Zelfs dan, his scholarly and juridical argumentation did not have the same sweeping effect as Sayyid Qutb’s writings. In 1969, al-Hudaybi proposed a moderate concept in his writing Duat la Qudat (Predikers niet rechters).
Dit schrijven, which was secretly distributed among fellow Brothers, is considered the fi rst substantial refutation of Sayyid Qutb’s ideas. 5 Qutb, die werd opgehangen in 1966, was by then considered to be a martyr, zijn gedachten al een aanzienlijke infl nvloeden.
This does not mean that the majority of Muslim Brothers did not pursue a moderate approach, but the lack of guidelines left them voiceless and reinforced the perception of al-Hudaybi as a weak leader.
Niettemin, al-Hudayb’is moderate thought had an impact on his fellow Muslim Brothers. Na de algemene amnestie van 1971, al-Hudaybi played a major part in the re-establishment of the organisation. Hoewel hij stierf in 1973, his moderate and conciliatory ideas continued to be relevant.
The fact that close companions such as Muhammad Hamid Abu Nasr, Umar al-Tilmisani and Muhammad Mashhur, die onlangs overleden, succeeded him as leaders shows the continuance of his thought.
Verder, his son Ma’mun al-Hudaybi has played a major role in his capacity as the Brotherhood’s secretary and spokesman.
Another reason why his thinking became important lies in the changed attitude towards the Muslim Brotherhood since Anwar al-Sadat’s presidency.
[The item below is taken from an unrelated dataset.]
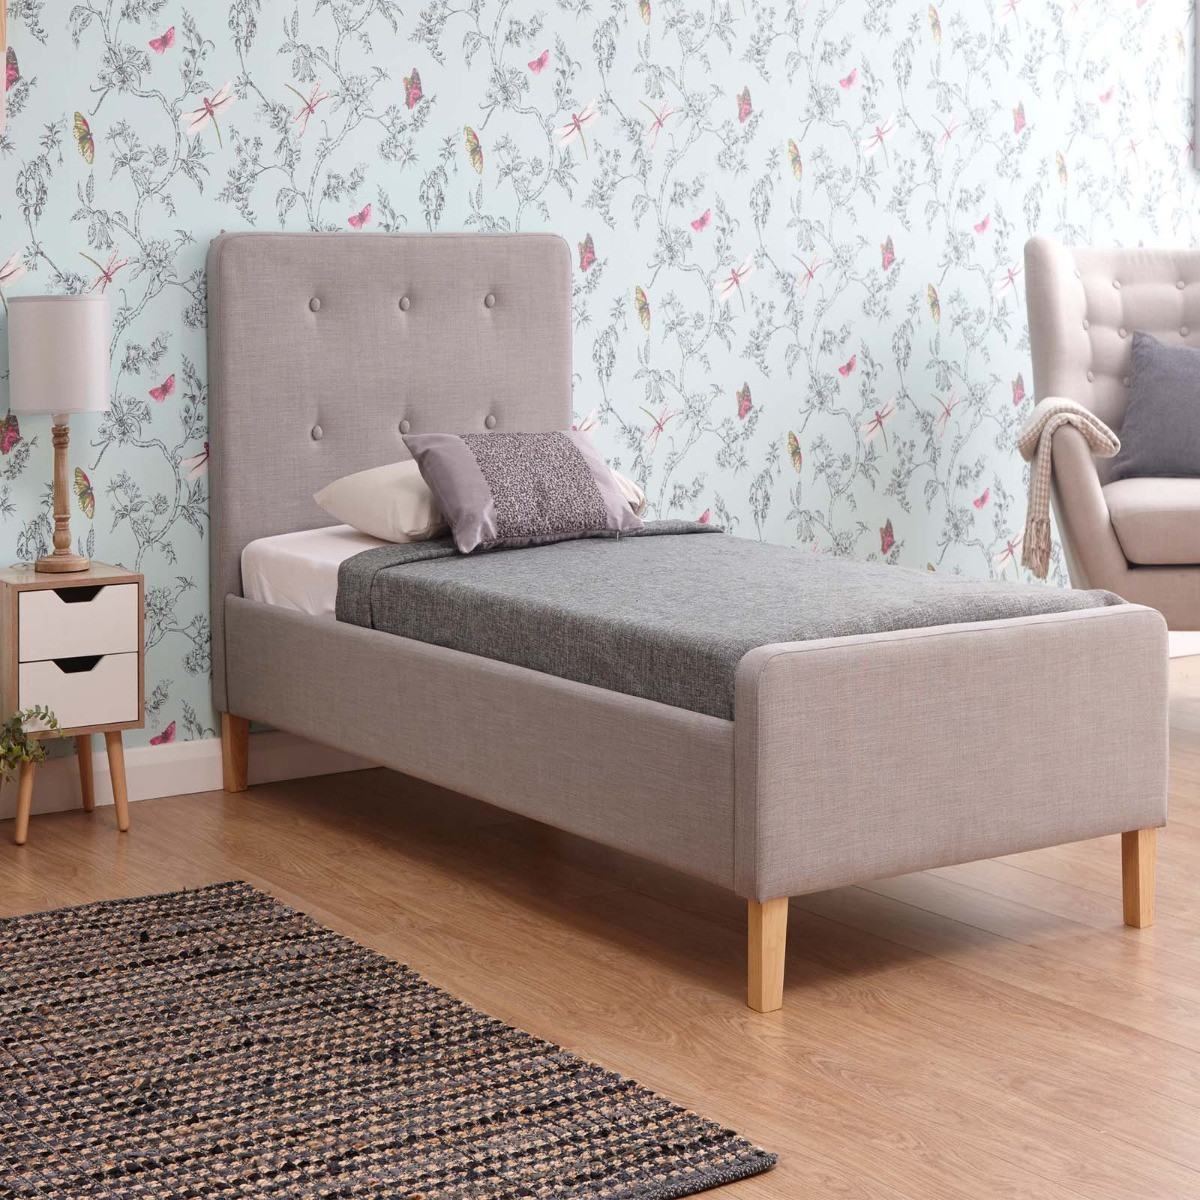 Ashbourne Upholstered Fabric Bed Frame, 4ft 6 Double - Light Grey>

Al-Sadat, who succeeded Abd al-Nasir, released the imprisoned Brothers and offered the organisation a half-legal though not offi cially recognised status.
Een periode van reorganisatie (1971–77) gevolgd, during which the government lifted the censorship of books written by Muslim Brothers. Veel memoires van vroeger gevangen leden werden gepubliceerd, such as Zaynab al-Ghazali’s account or al-Hudaybi’s book Du<waarmee Qudat (Predikers niet rechters).
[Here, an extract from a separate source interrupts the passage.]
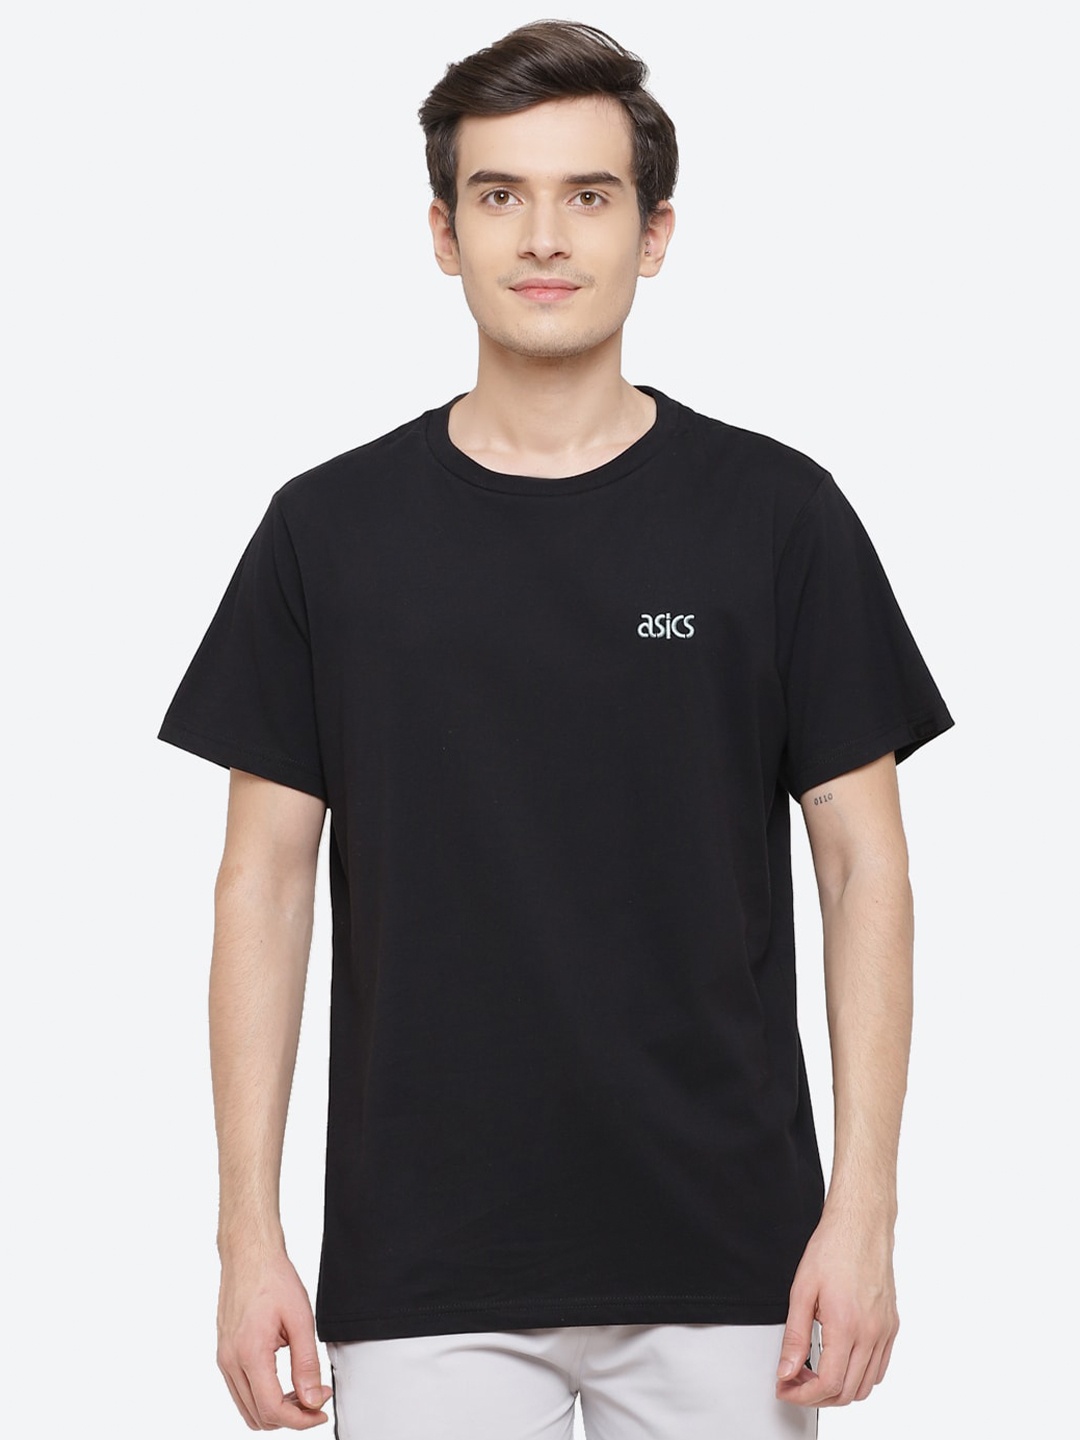 

ASICS Men Printed JSY JPN GPX SS 1 Sports Walking T-shirt, Black

Omgaan met het verleden, these books did not merely preserve the memory of the cruelties of Abd al-Nasir’s persecution.
Al-Sadat followed his own agenda when he allowed these publications to fi ll the market; this was a deliberate political stratagem, implying a change of direction and aimed at distancing the new government from the old.
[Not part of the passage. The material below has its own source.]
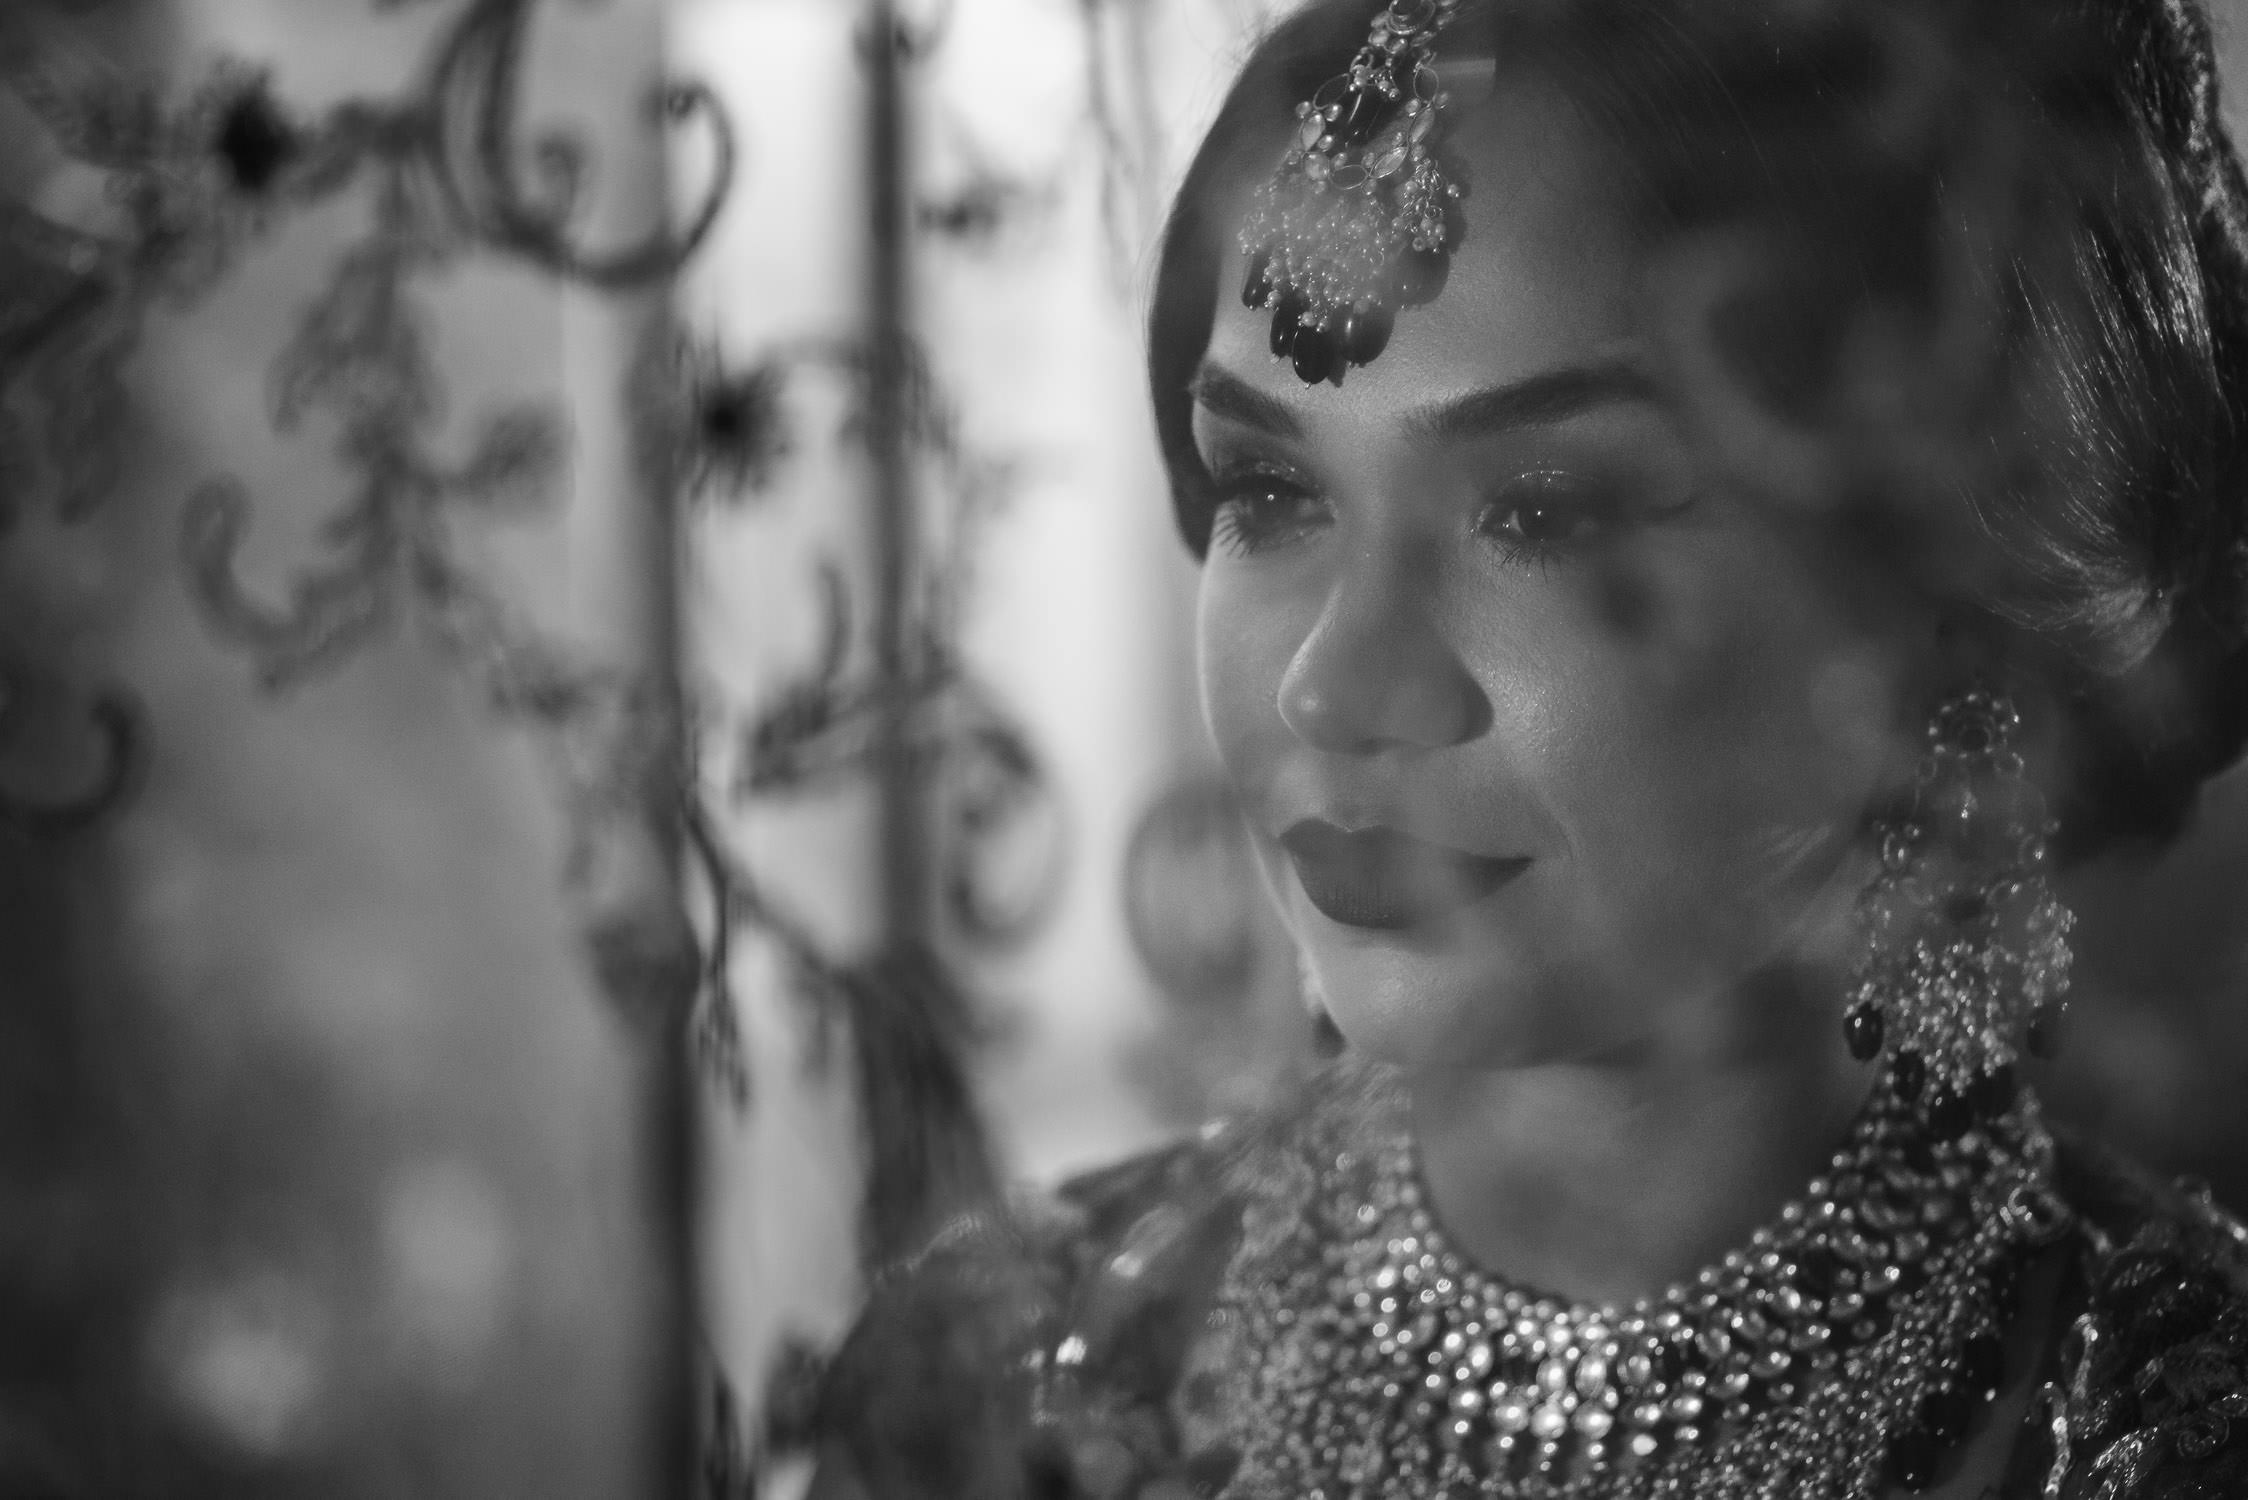 Sikh Wedding Photographer London

The posthumous publication of al-Hudaybi’s writings was not merely aimed at providing ideological guidance to the Muslim Brothers; they were distributed because of their statements against radical thought, en dus gebruikt om een nieuwe en toenemende probleem aan te pakken, namely the establishment of Islamist groups, which began to fi ght actively against the political system in the early 1970s. In deze termen, Duat la Qudat remains an important critique of radical thought.
hoofddoel Hasan al-Hudaybi was om de maatschappij te veranderen, i. Egyptische samenleving, die, in zijn ogen, was zich niet bewust van het politieke karakter van het Islamitische geloof. Zo, real change could only be brought about through creating awareness and by tackling the issue of Islamic identity (in tegenstelling tot een Westerse perceptie).
Only through developing a sense of Islamic consciousness could the ultimate goal of the establishment of an Islamic society be reached. Aangezien deze aanpak, al-Hudaybi refuted revolutionary overthrow, instead preaching gradual development from within. Een belangrijk punt was dan ook het onderwijs en de maatschappelijke betrokkenheid, as well as participation in the political system, aantrekkelijk door middel van de missie ( dawa ) to the consciousness of the individual believer.
Dit pad van zijn is nu gevolgd door Moslim Broederschap vandaag, which endeavors to be recognised as a political party and which infl uences political decision making by infi ltrating the political participatory structures (Parlement, administratie, niet-gouvernementele organisaties).
This study of the Muslim Brotherhood from the 1950s until the early 1970s, daarom, is not only a piece of research into the modern political history of Egypt and an analysis of a religious ideology, but has also a relationship to current politics.